▶ Exercise brief
Retype each line of the data below exactly, beginning with the first and ending with the one that contains "Тейлор Свифт стала". Pictures do not belong in the copy.

▶ Provided material
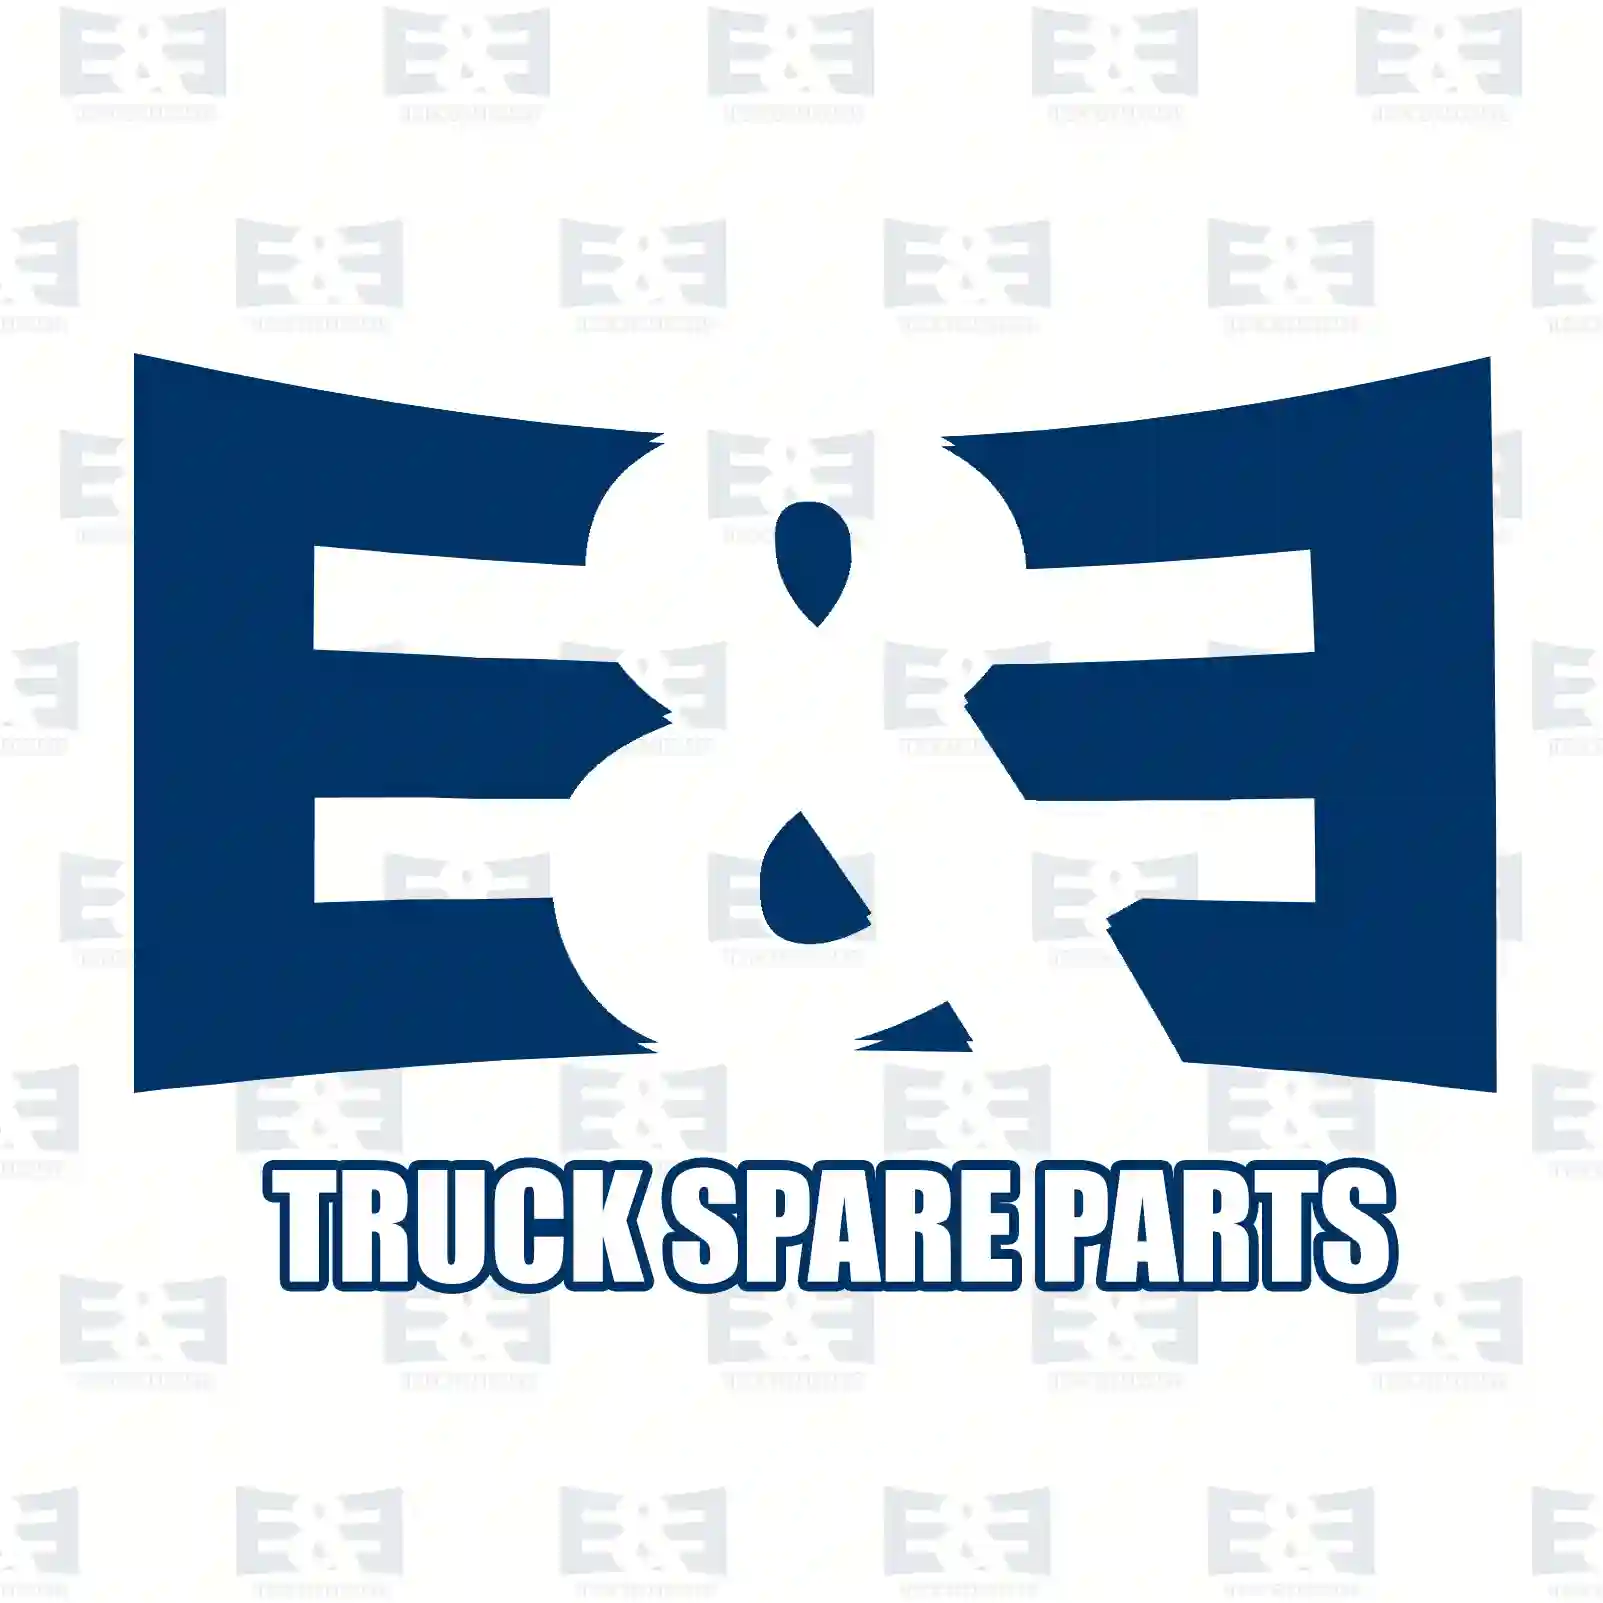 Cover, bumper, left, 2E2292925, 81416850095 ||  2E2292925 E&E Truck Spare Parts | Truck Spare Parts, Auotomotive Spare Parts Cover, bumper, left, 2E2292925, 81416850095 ||  2E2292925 E&E Truck Spare Parts | Truck Spare Parts, Auotomotive Spare Parts
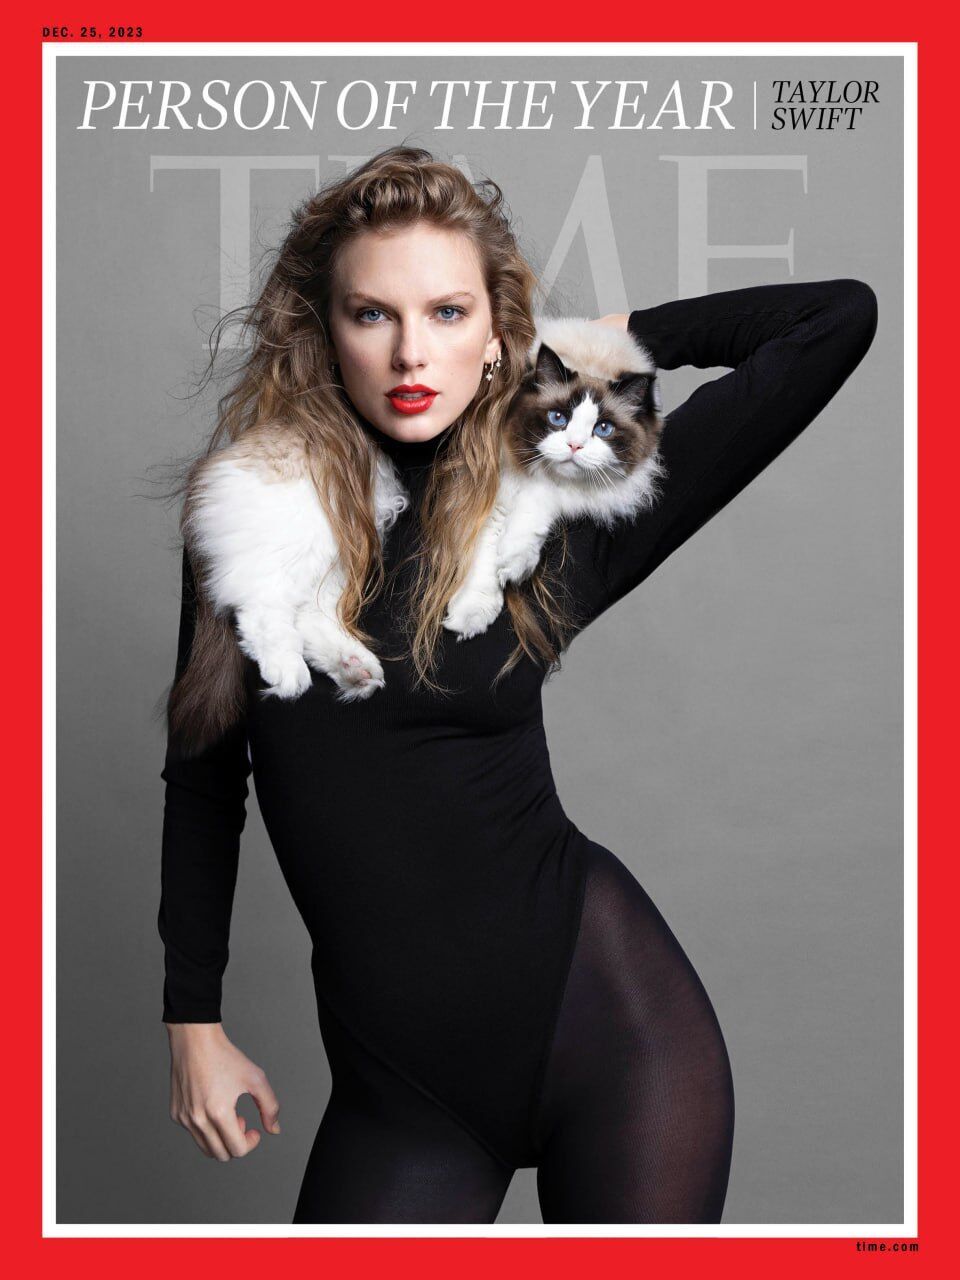 Тейлор Свифт стала человеком года по версии Time: конкурентами певицы были "Барби" и Путин
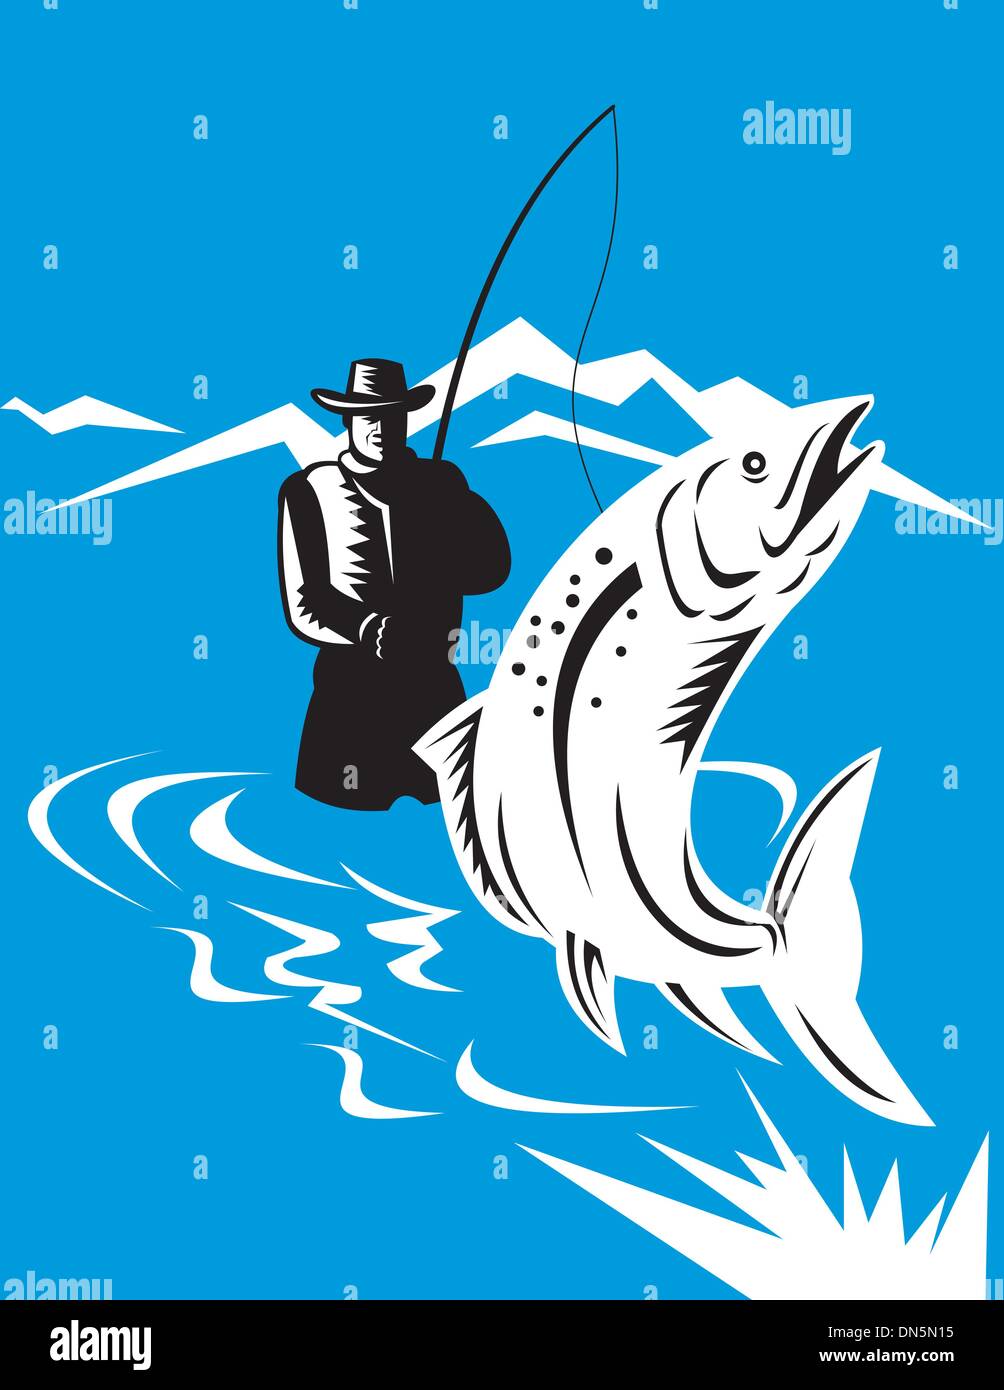 Le saut de la truite a chancelé par fly fisherman Illustration de Vecteur
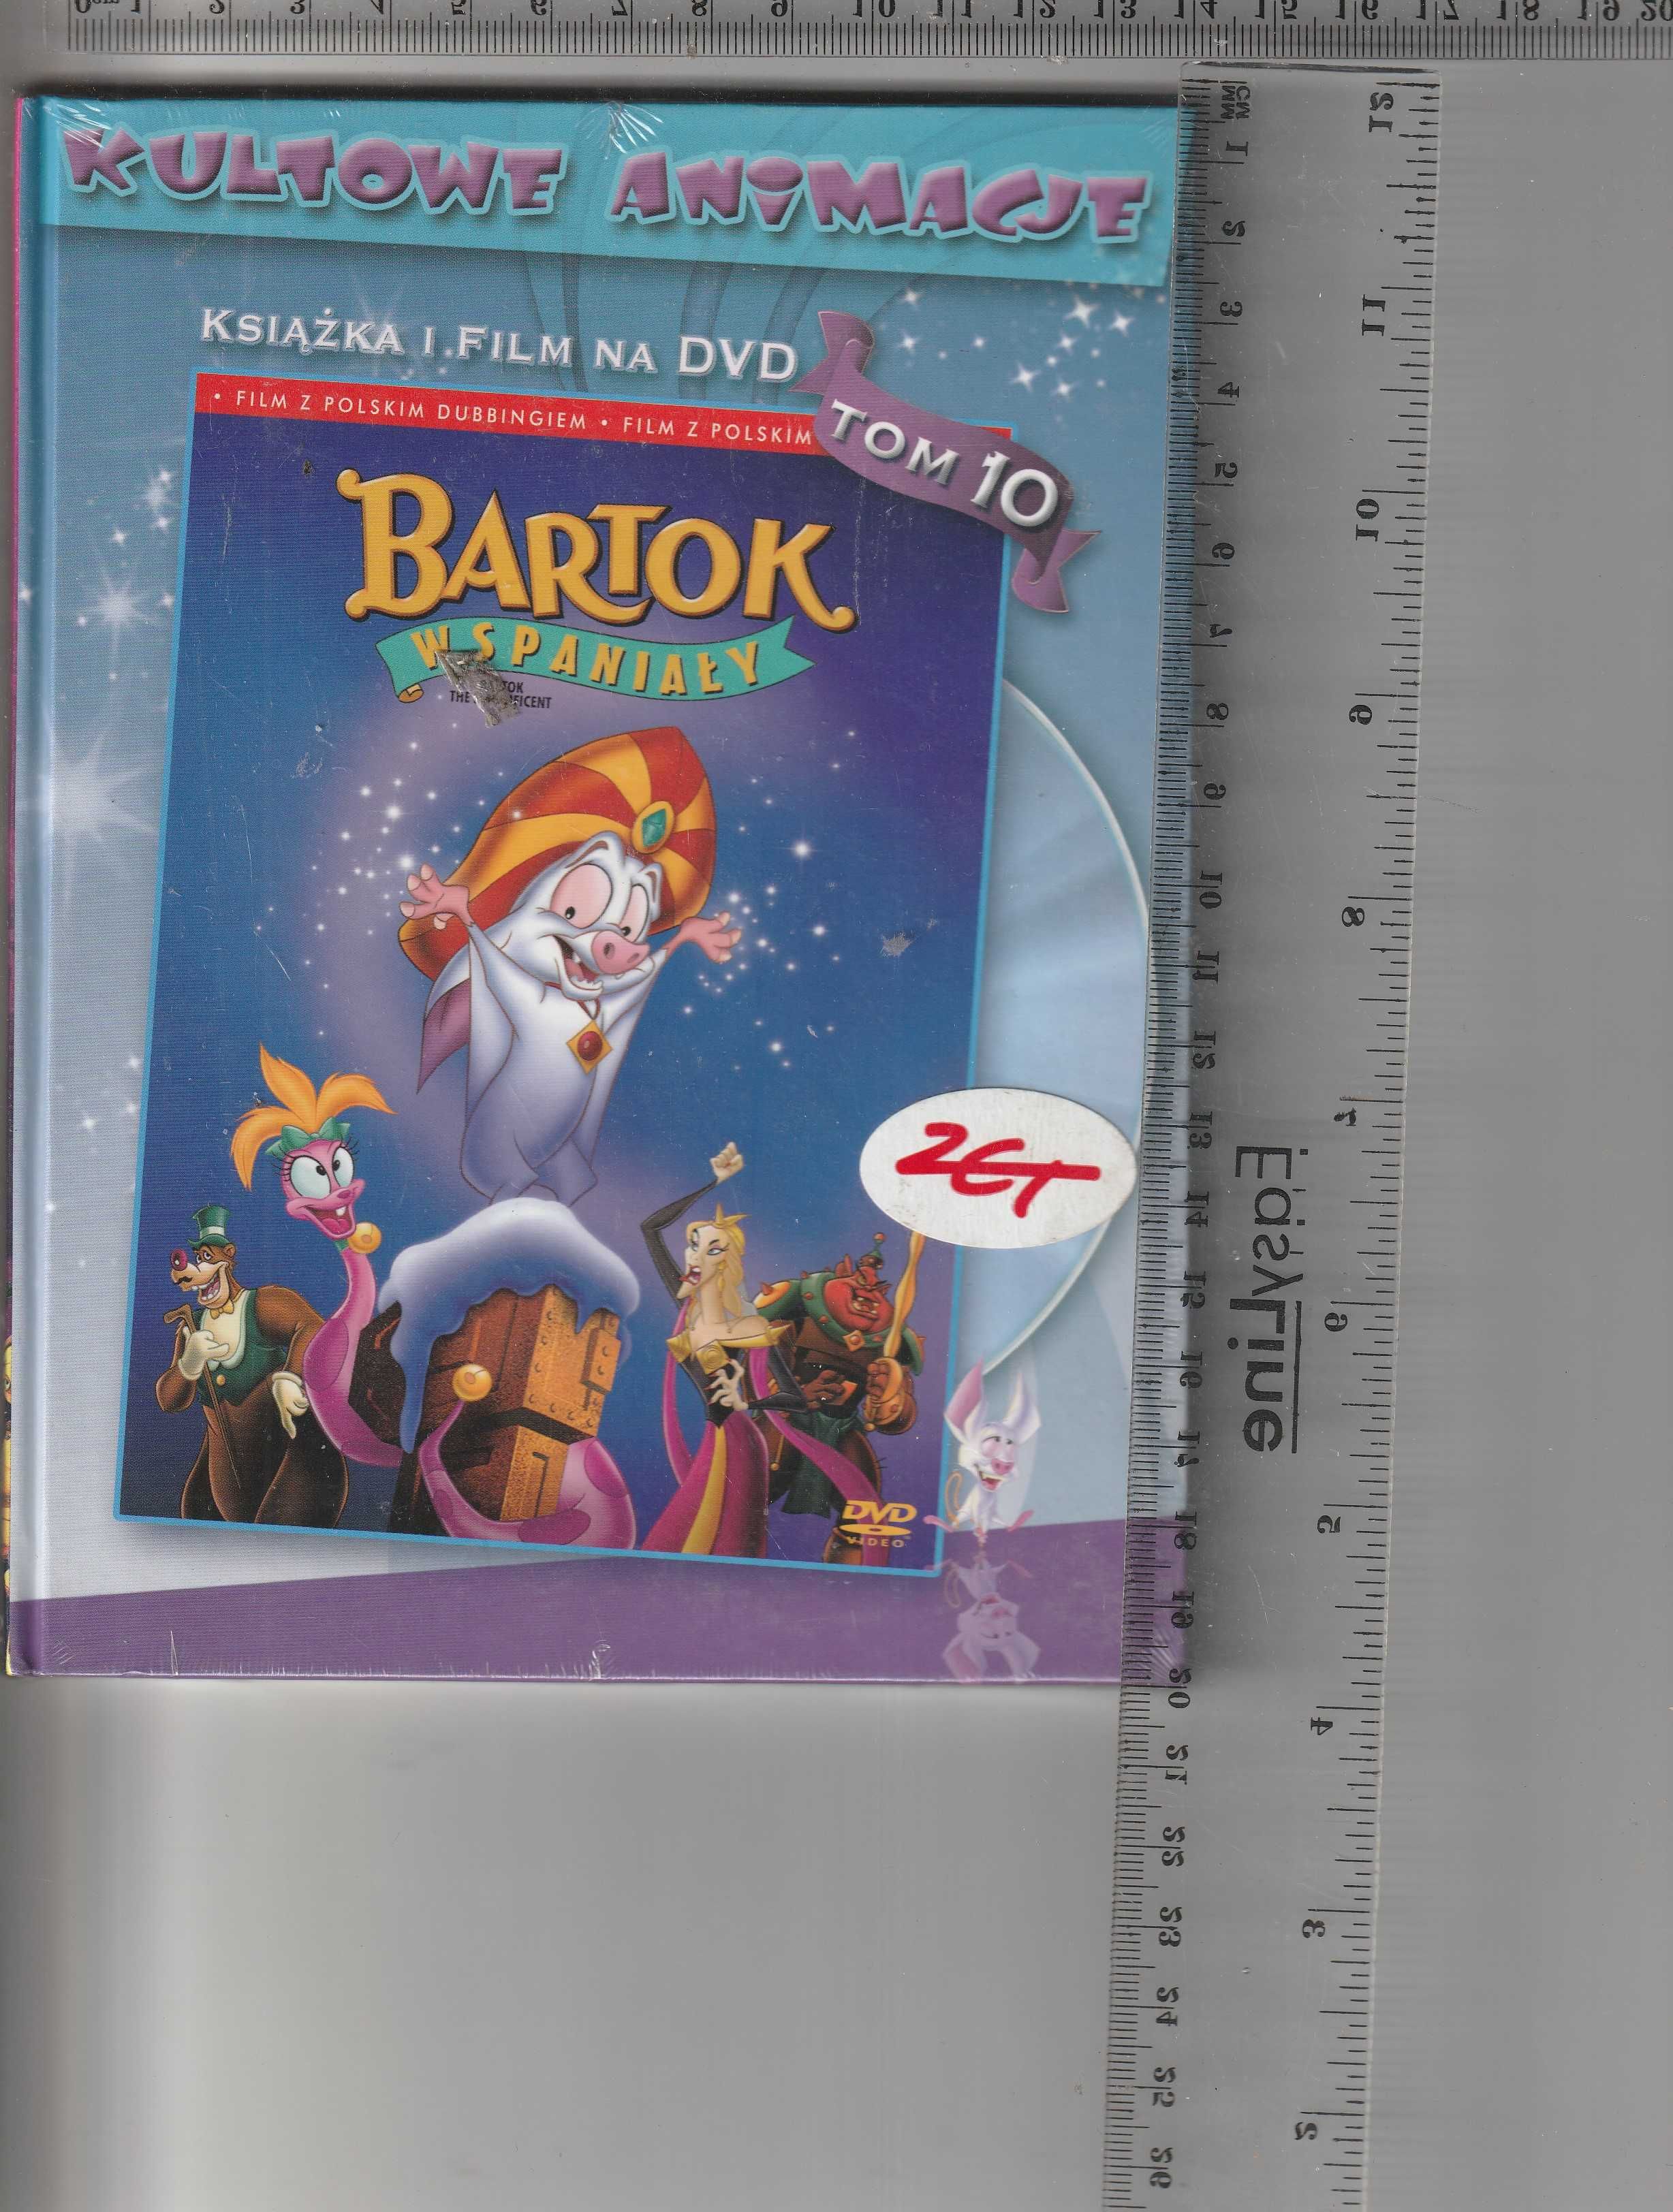 Bartok wspaniały DVD

▶ Output for this task
 Cover, bumper, left, 2E2292925, 81416850095 ||  2E2292925 E&E Truck Spare Parts | Truck Spare Parts, Auotomotive Spare Parts Cover, bumper, left, 2E2292925, 81416850095 ||  2E2292925 E&E Truck Spare Parts | Truck Spare Parts, Auotomotive Spare Parts
 Тейлор Свифт стала человеком года по версии Time: конкурентами певицы были "Барби" и Путин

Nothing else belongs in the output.